> [Try it]: Word for word, copy the lines from the one with "Dovolená Norsko s" to the last line of the data below, counting both, and keep every picture out.

> [Given data]:
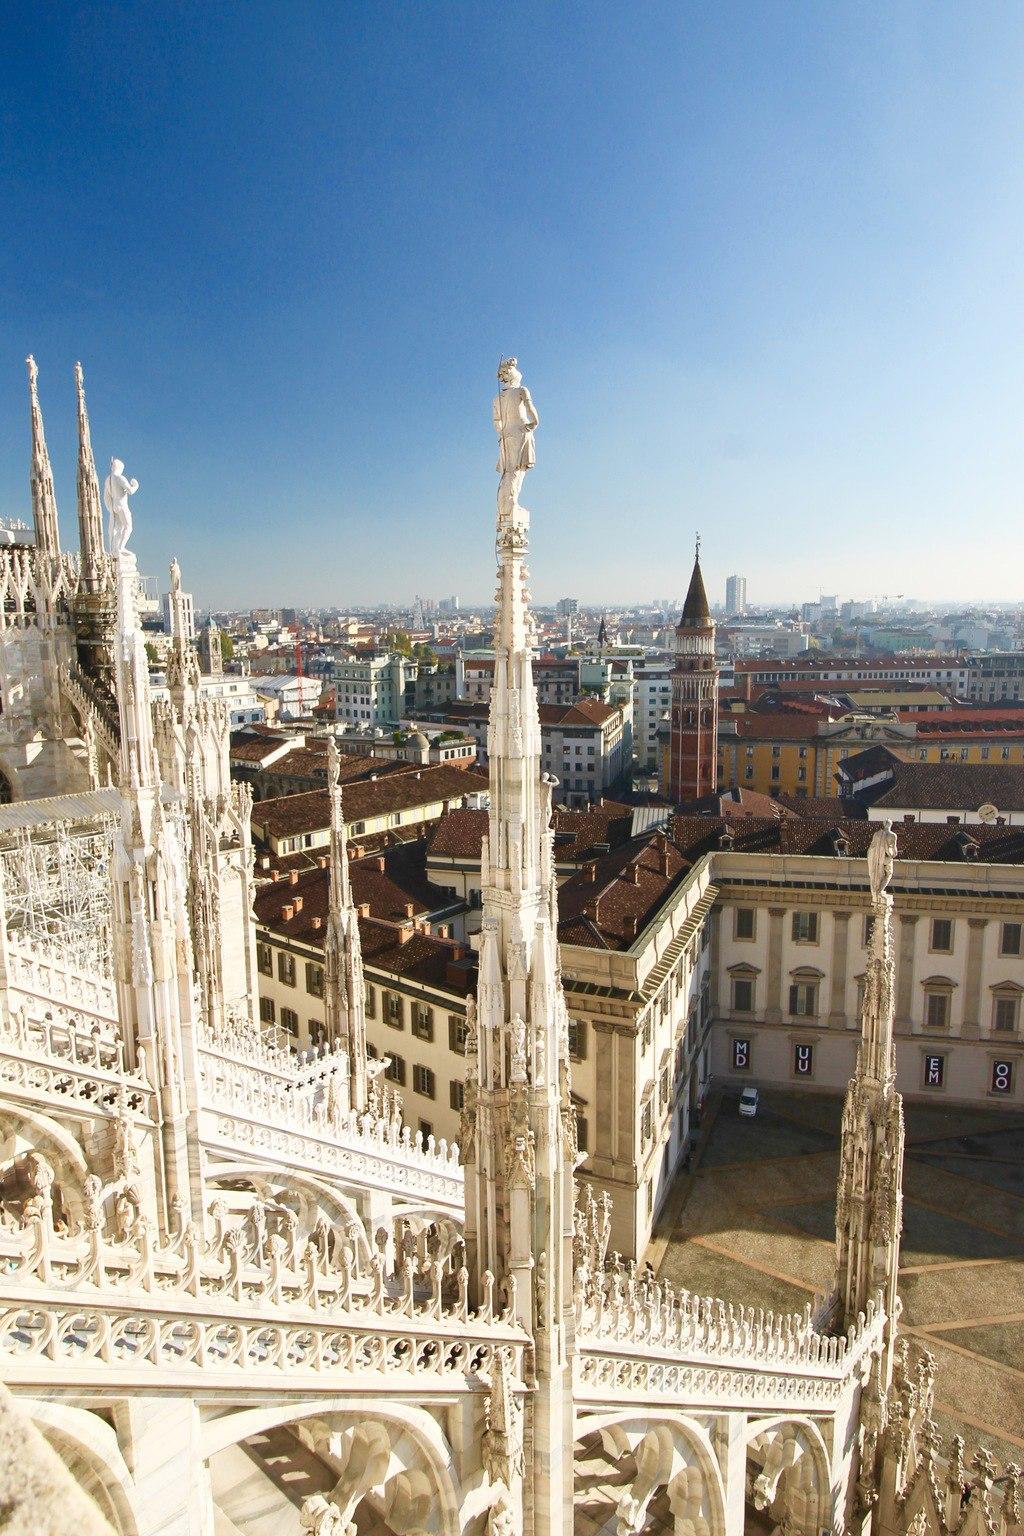 Duomo Spires Milan Italy
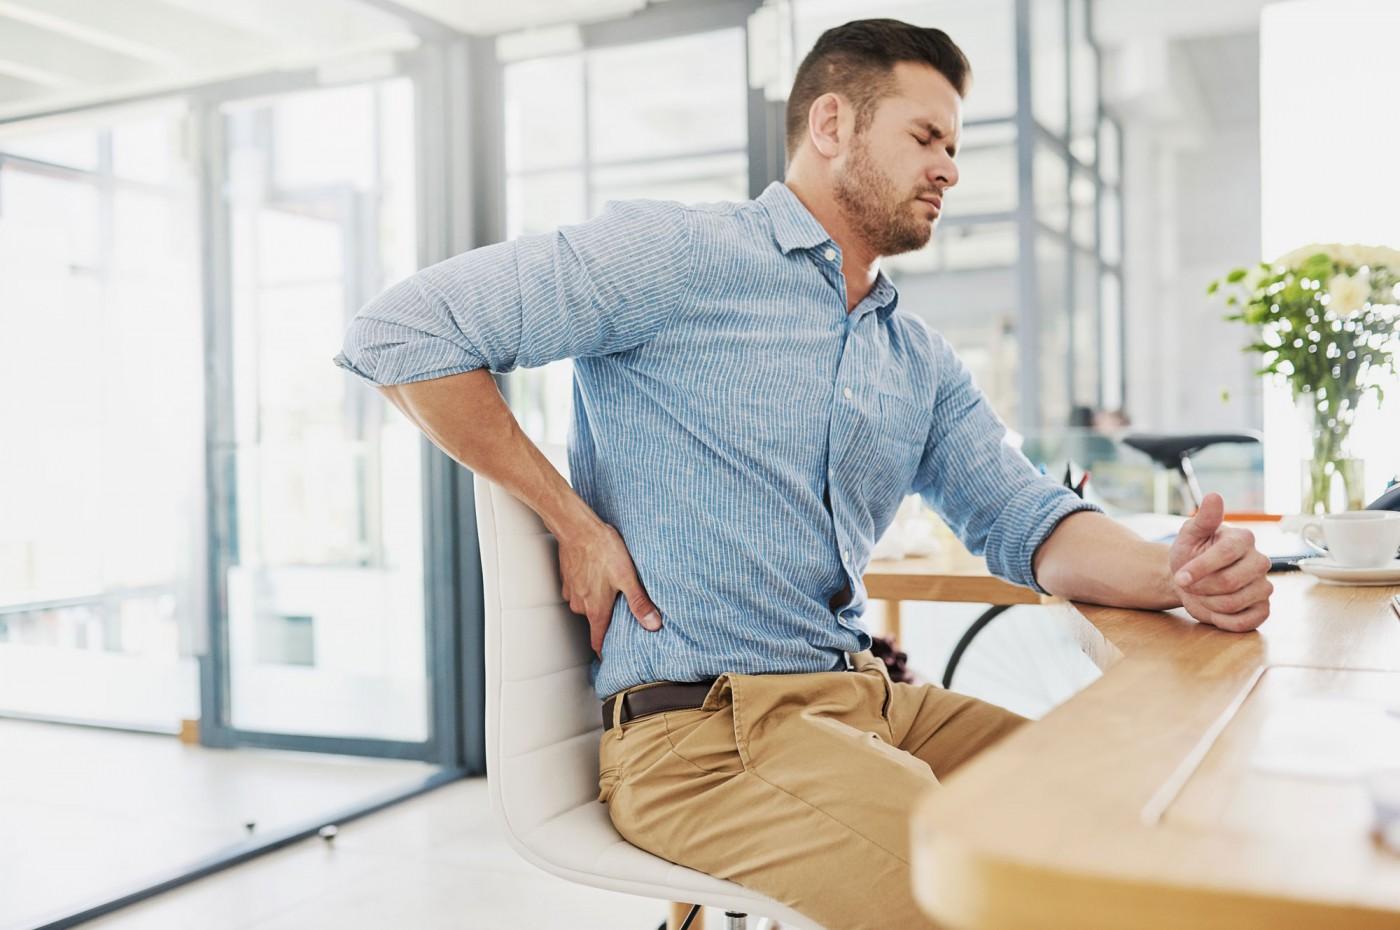 5 posturas erradas comuns no dia a dia e que podem prejudicar a sua coluna
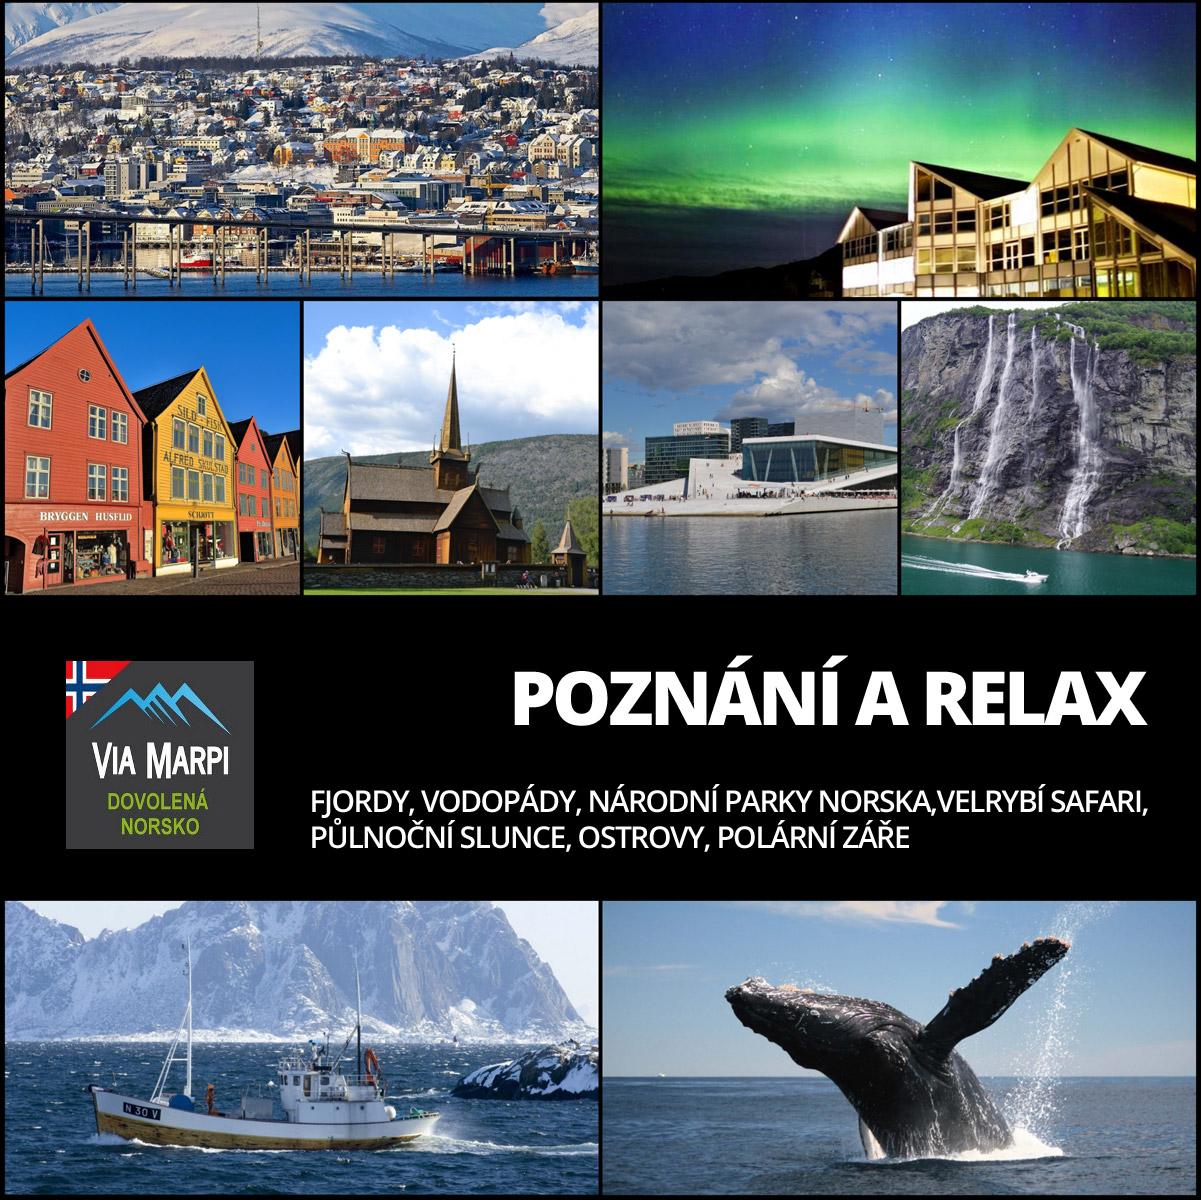 Dovolená Norsko s ViaMarpi – to je zážitek z polární záře, velrybí safari i jízda na psích spřeženích.
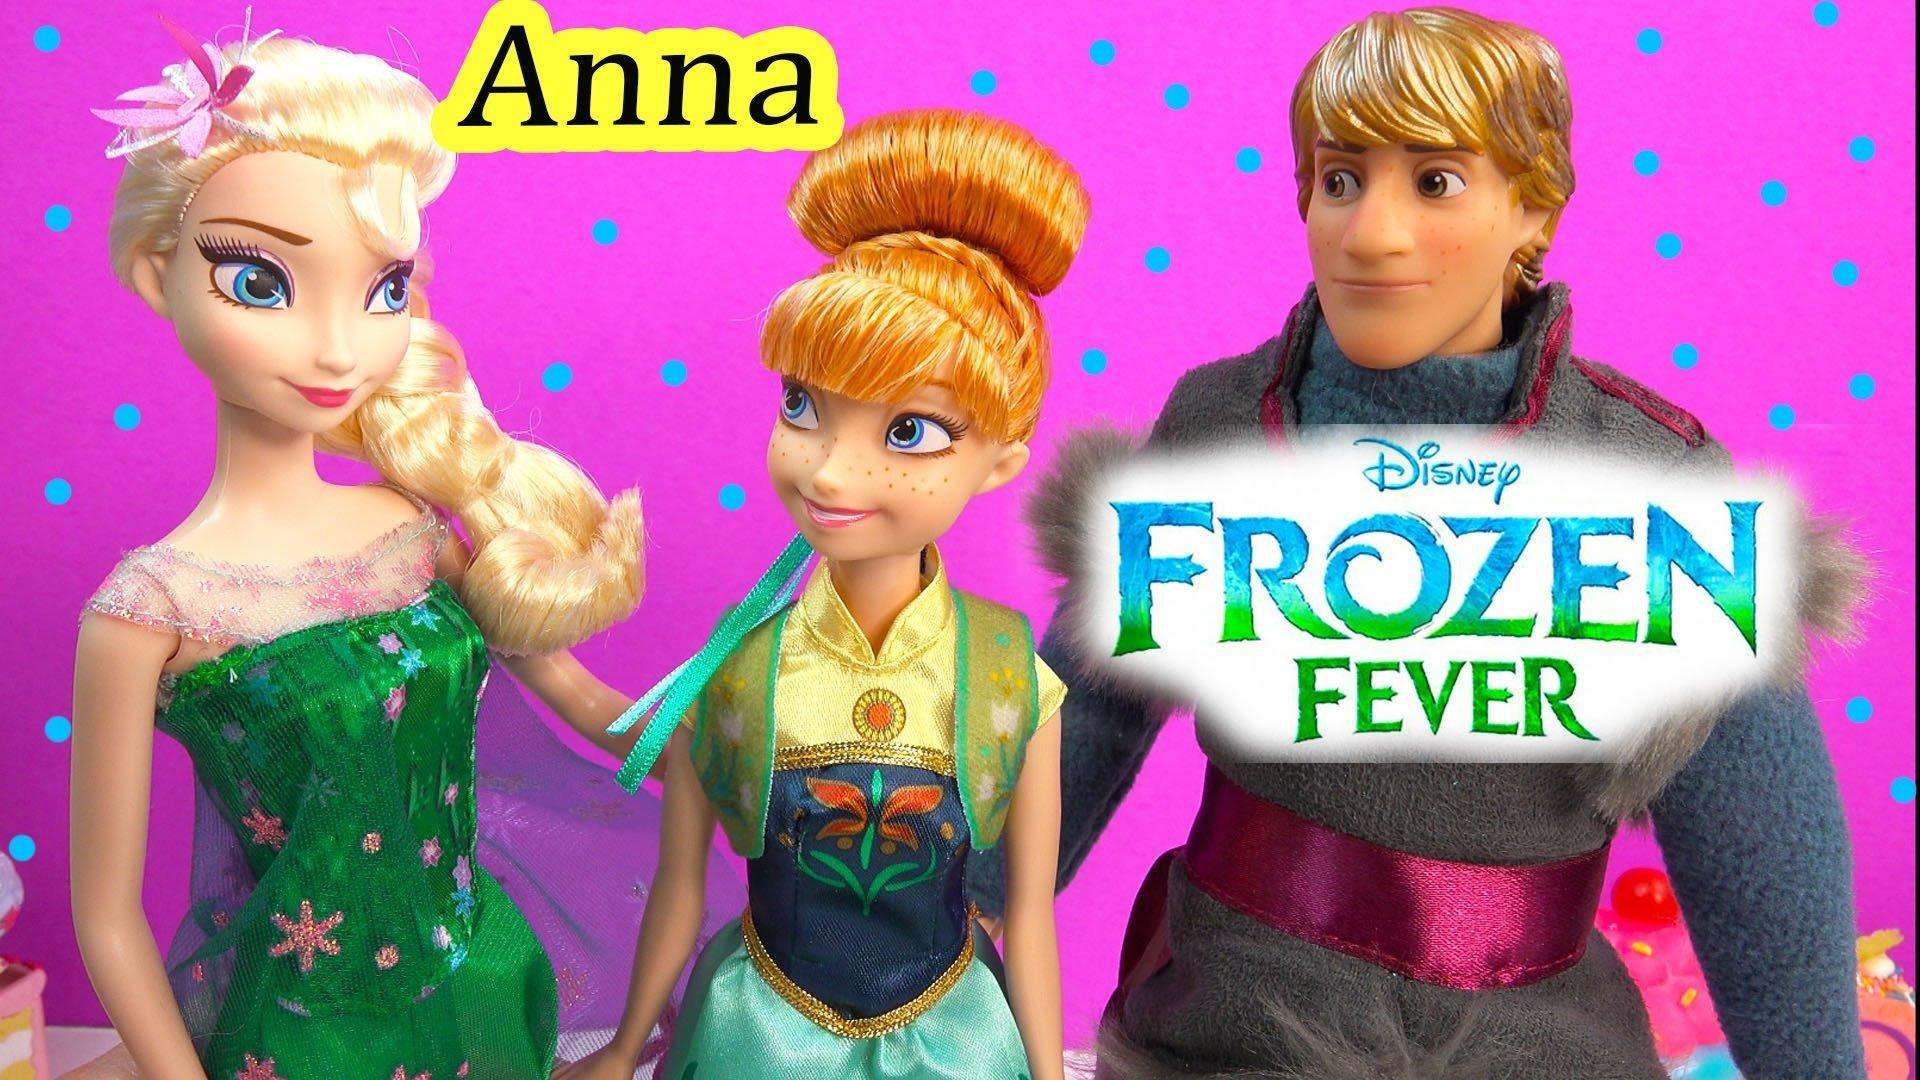 Frozen fever papel de parede hd plano de fundo - Fever wallpaper hd ...

> [Reply to the exercise]:
 Dovolená Norsko s ViaMarpi – to je zážitek z polární záře, velrybí safari i jízda na psích spřeženích.
 Frozen fever papel de parede hd plano de fundo - Fever wallpaper hd ...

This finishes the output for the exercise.